The verify.sh script exercises four cluster-mode invariants: both replicas register heartbeats, cancel broadcasts reach the owning replica, status queries resolve cross-replica, pause/resume is cluster-wide. The runbook in docs/MULTI-REPLICA.md covers the operational shape - pool sizing, rolling upgrade, crashed-replica recovery, sharp edges.

The Web UI gained a small but useful surface for this release: a replica-a/replica-b chip next to each running agent, with a deterministic hash-derived background so different replicas are visually distinguishable without an ever-growing color table. Single-replica deployments stay uncluttered - the chip is suppressed entirely when LOOMCYCLE_REPLICA_ID is unset.

What's still ahead before we tag v1.0

The architectural pieces are in. The runtime has shipped through each phase as its own release, the cluster demo reproduces the screenshot in five minutes, the operator runbook is written. But "the multi-replica code exists" is different from "v1.0 is ready," and the gap is three pieces of work:

Load testing at scale. The unit tests cover the invariants; the docker-compose demo exercises the happy path. Neither tells us how the runtime behaves at 100 replicas, 10k concurrent runs, or millions of channel messages. The next stretch is a sustained load run on the actual primitives at production-scale traffic shapes.
Functionality testing across the cluster matrix. Every existing feature has been verified single-replica; many have been verified two-replica via verify.sh. The full matrix - N≥3 replicas × rolling upgrade × crashed-replica recovery × pause-during-fanout × all the substrate primitives × every wire surface - is a wider sweep than what's covered today.

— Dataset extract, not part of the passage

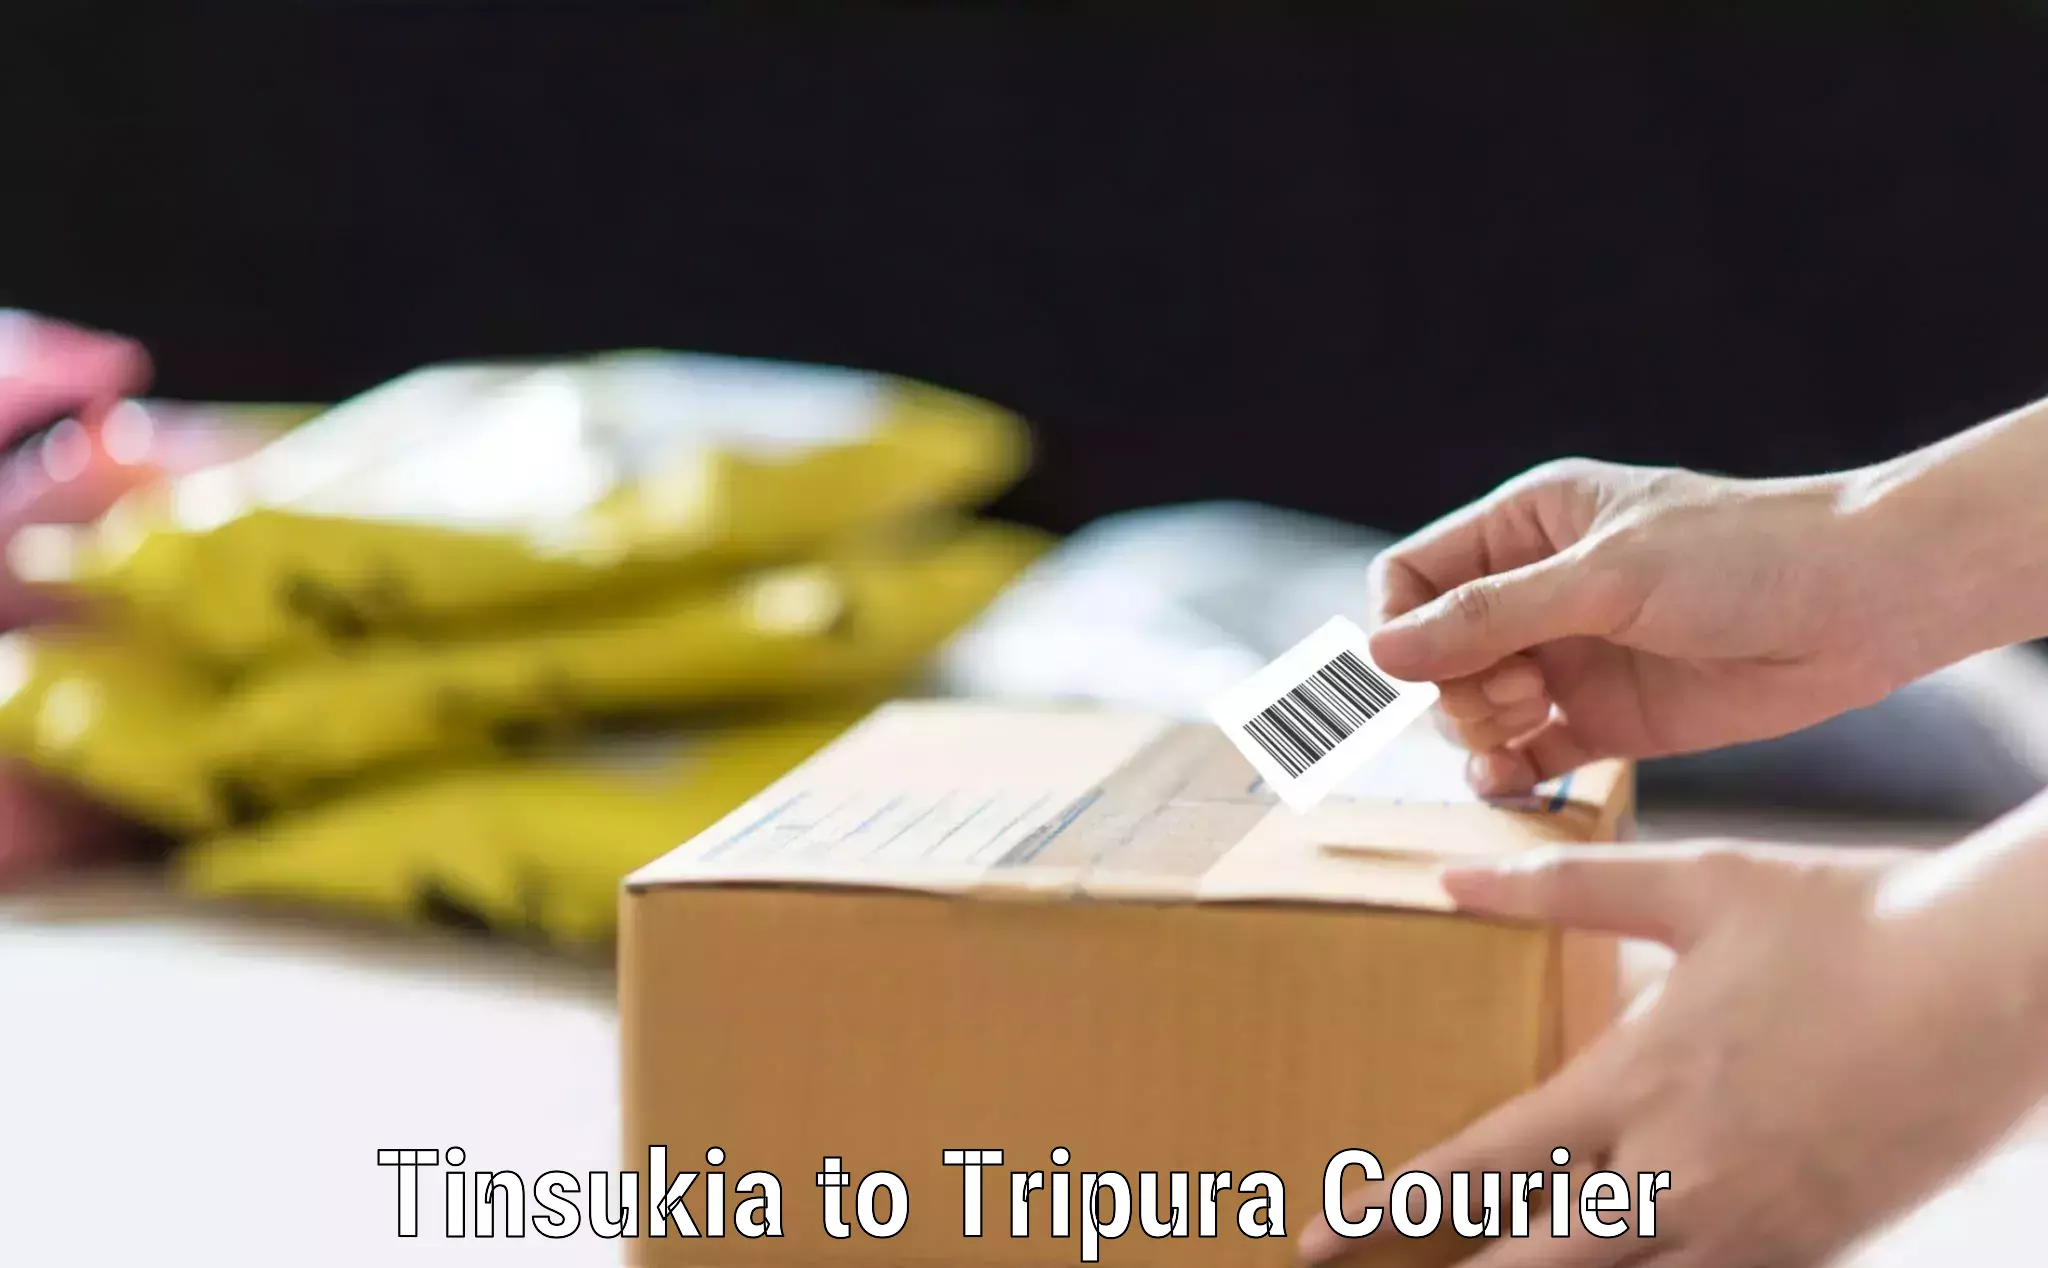 Baggage transport network Tinsukia to Sonamura

Some of it will surface bugs.
Hardening against the cluster invariants. The unit-test suite is green; the parallel code review caught the obvious cluster-correctness issues during each phase's PR. But there are classes of bug - race conditions across LISTEN/NOTIFY delivery, advisory-lock contention under sustained load, dead-replica reaping under partial network partitions - that don't show up in the unit suite and need a hardening pass before a v1.0 tag is responsible.

The honest framing: v0.12.x → v1.0 was always going to be a stretch with two distinct phases - building the multi-replica code, then hardening it. We're done with the first. The second is what comes next. The v1.0 tag is the artefact that says "we believe this is production-ready", and that belief needs evidence we don't have yet at the load shapes v1.0 implies.

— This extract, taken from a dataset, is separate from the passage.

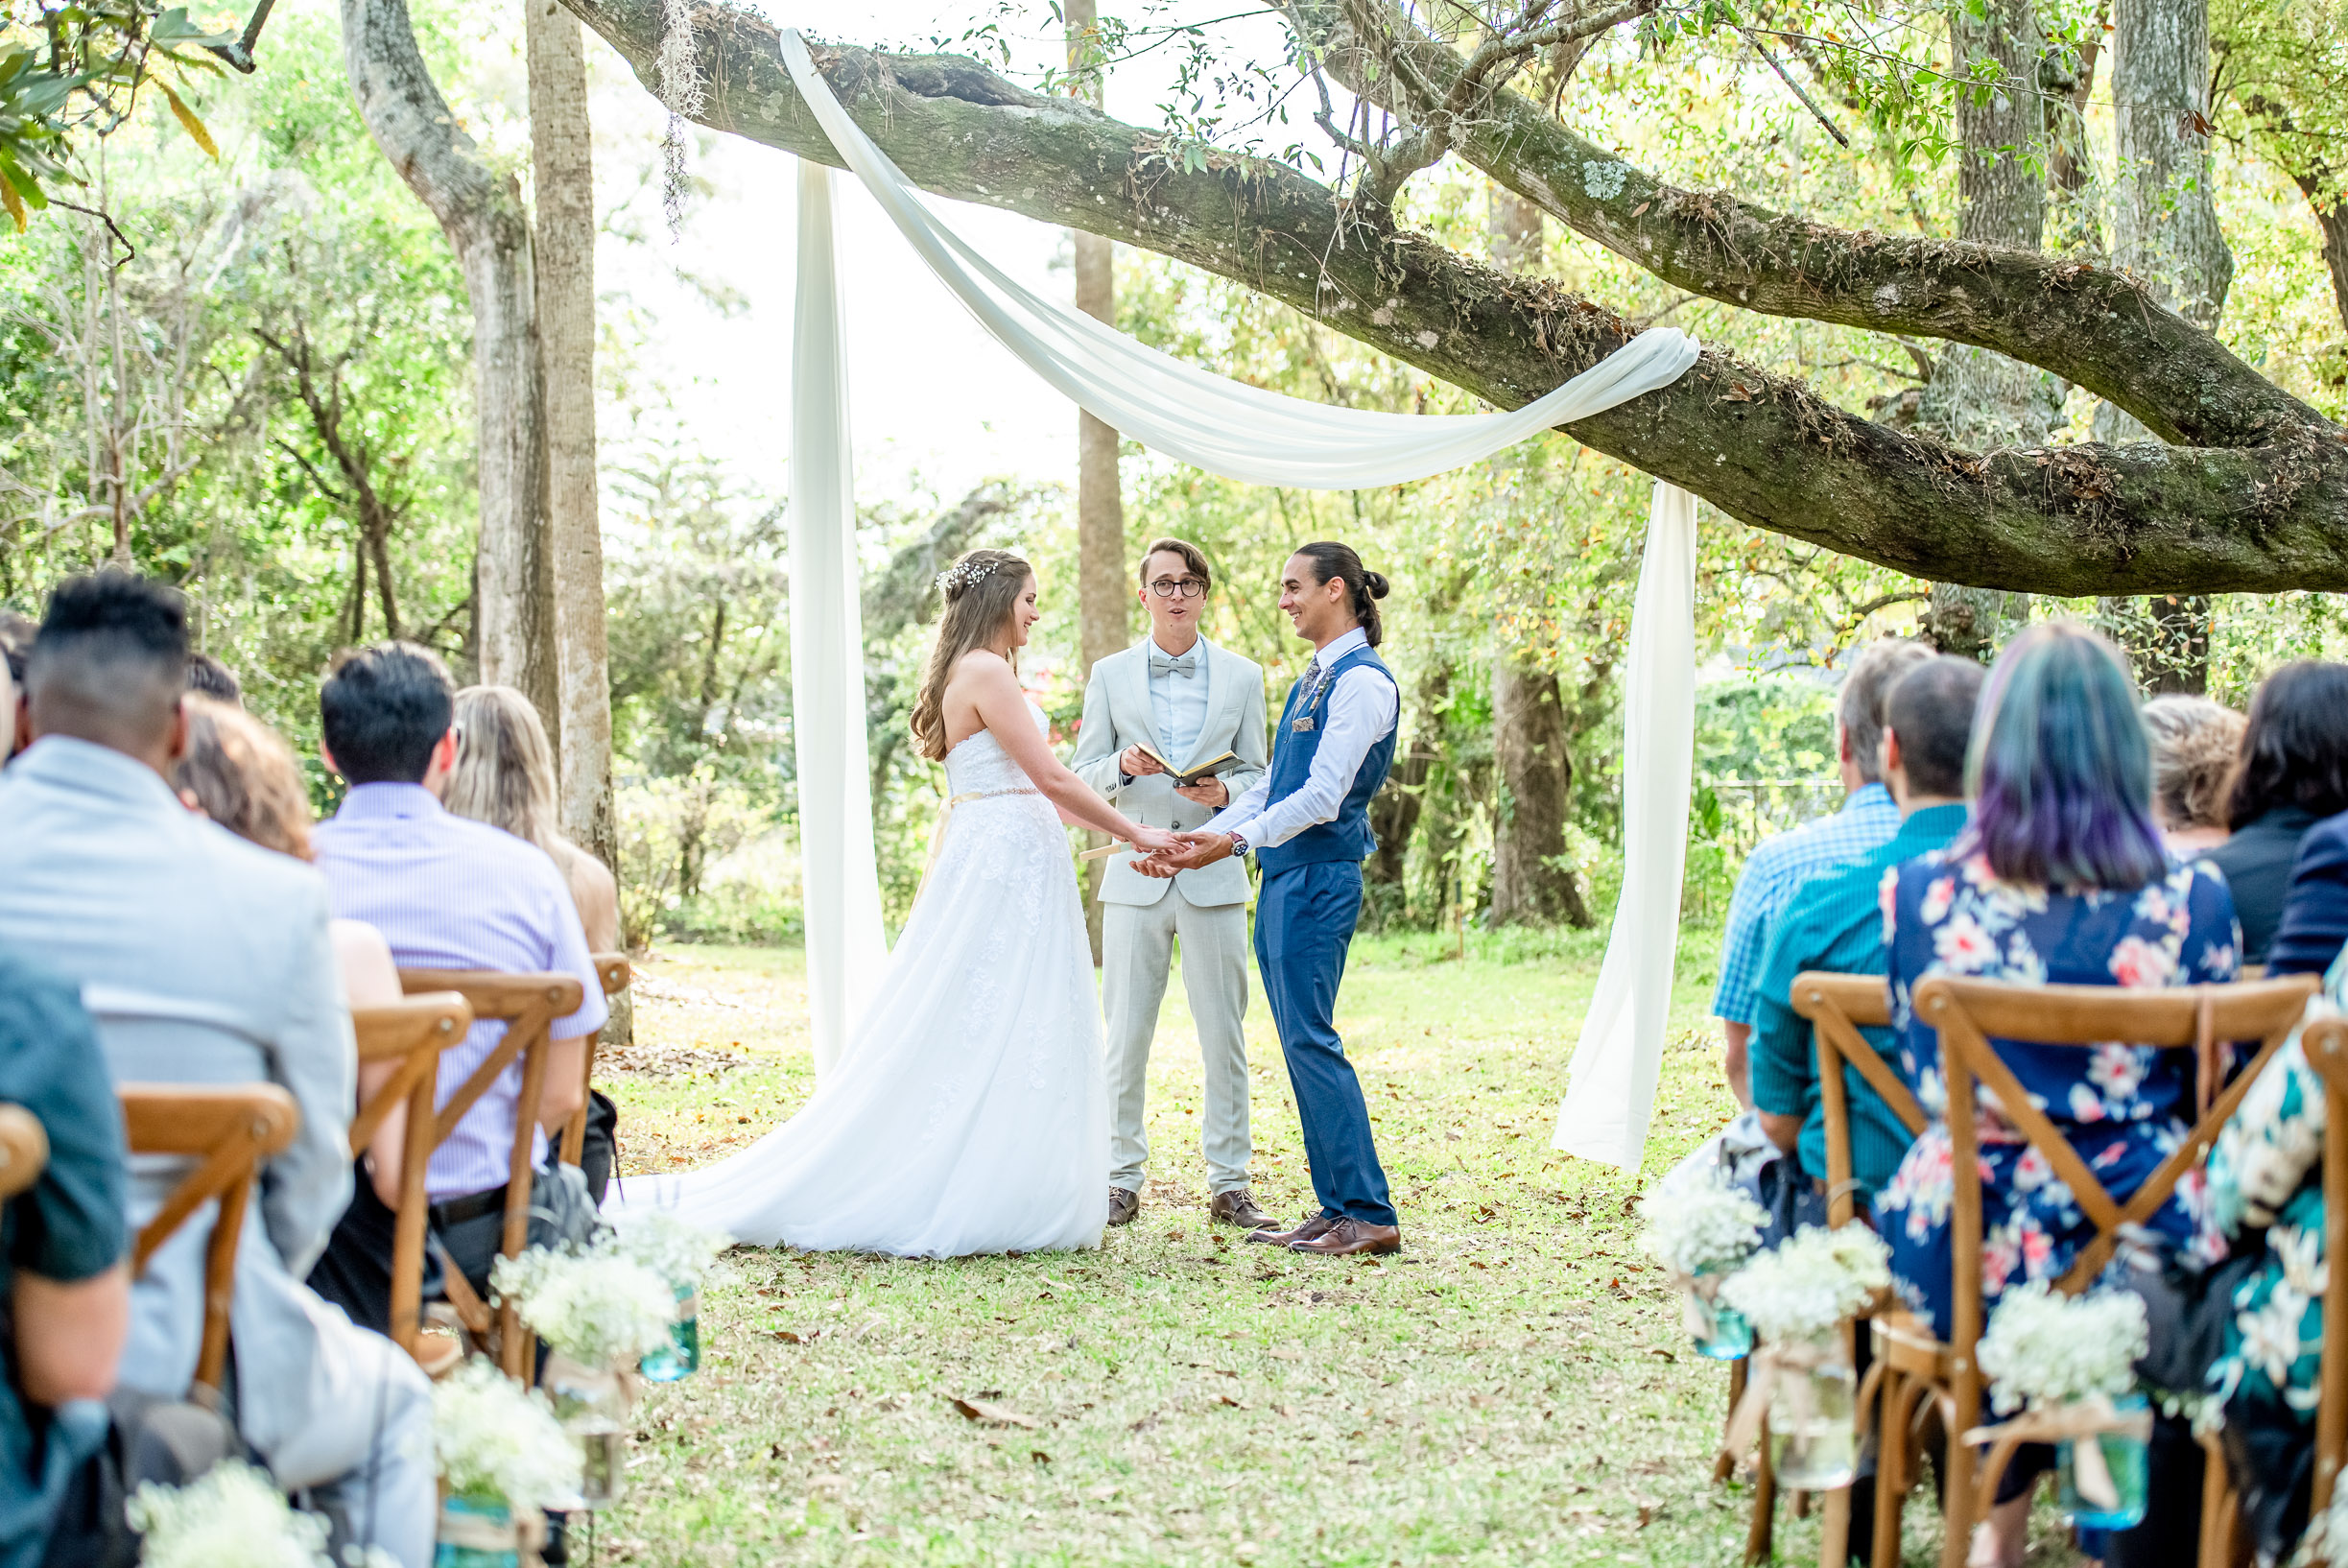 Outdoor Wedding Ceremony at The Garden Villa Venue in Orlando, FL

Single-replica loomcycle is unchanged and remains production-quality - JobEmber.ai has been running it daily for months. Multi-replica is the thing the load testing applies to, and it's the thing v1.0 is gating on.

What this unlocks even before v1.0

Three operator stories that were uncomfortable to tell with single-replica loomcycle and are now possible:

Rolling upgrade with zero dropped runs. Pause one replica via the cluster-wide pause, drain its in-flight runs, upgrade, resume; do the same to the other. The pause + snapshot machinery that shipped in v0.8.17 was the precondition; multi-replica is what makes it useful.
Horizontal scale beyond what one Go process can serve. Production VMs today run loomcycle at ~89 MB RSS / 512 MB cap; one binary on one box served us for months. Provider-concurrency limits or MCP stdio child slots can still cap throughput at higher scale; cluster mode is the exit door.
HA story for the deployment shape the consumers expected. Every commercial consumer - n8n integrators, JobEmber.ai, external evaluators - assumed "Postgres + N stateless replicas behind a load balancer" was a deployment shape loomcycle supported. It is now. MULTI-REPLICA.md is the operator runbook for that shape.

Companion writeup: When the agent is in one container and its definition is in another covered the substrate (AgentDef / SkillDef / MCPServerDef) that this multi-replica work sits on top of. Substrate state is shared by Postgres rows; the multi-replica work is what makes the runtime around it cluster-aware.

Next blog will be about the load-testing and hardening phases that come between here and the v1.0 tag - what shapes of failure the cluster-mode primitives actually exhibit under sustained load, which sharp edges the unit suite missed, and what gets reinforced before we cut the v1.0 release. The fun part of distributed systems is that the bugs only show up when the boring tests do.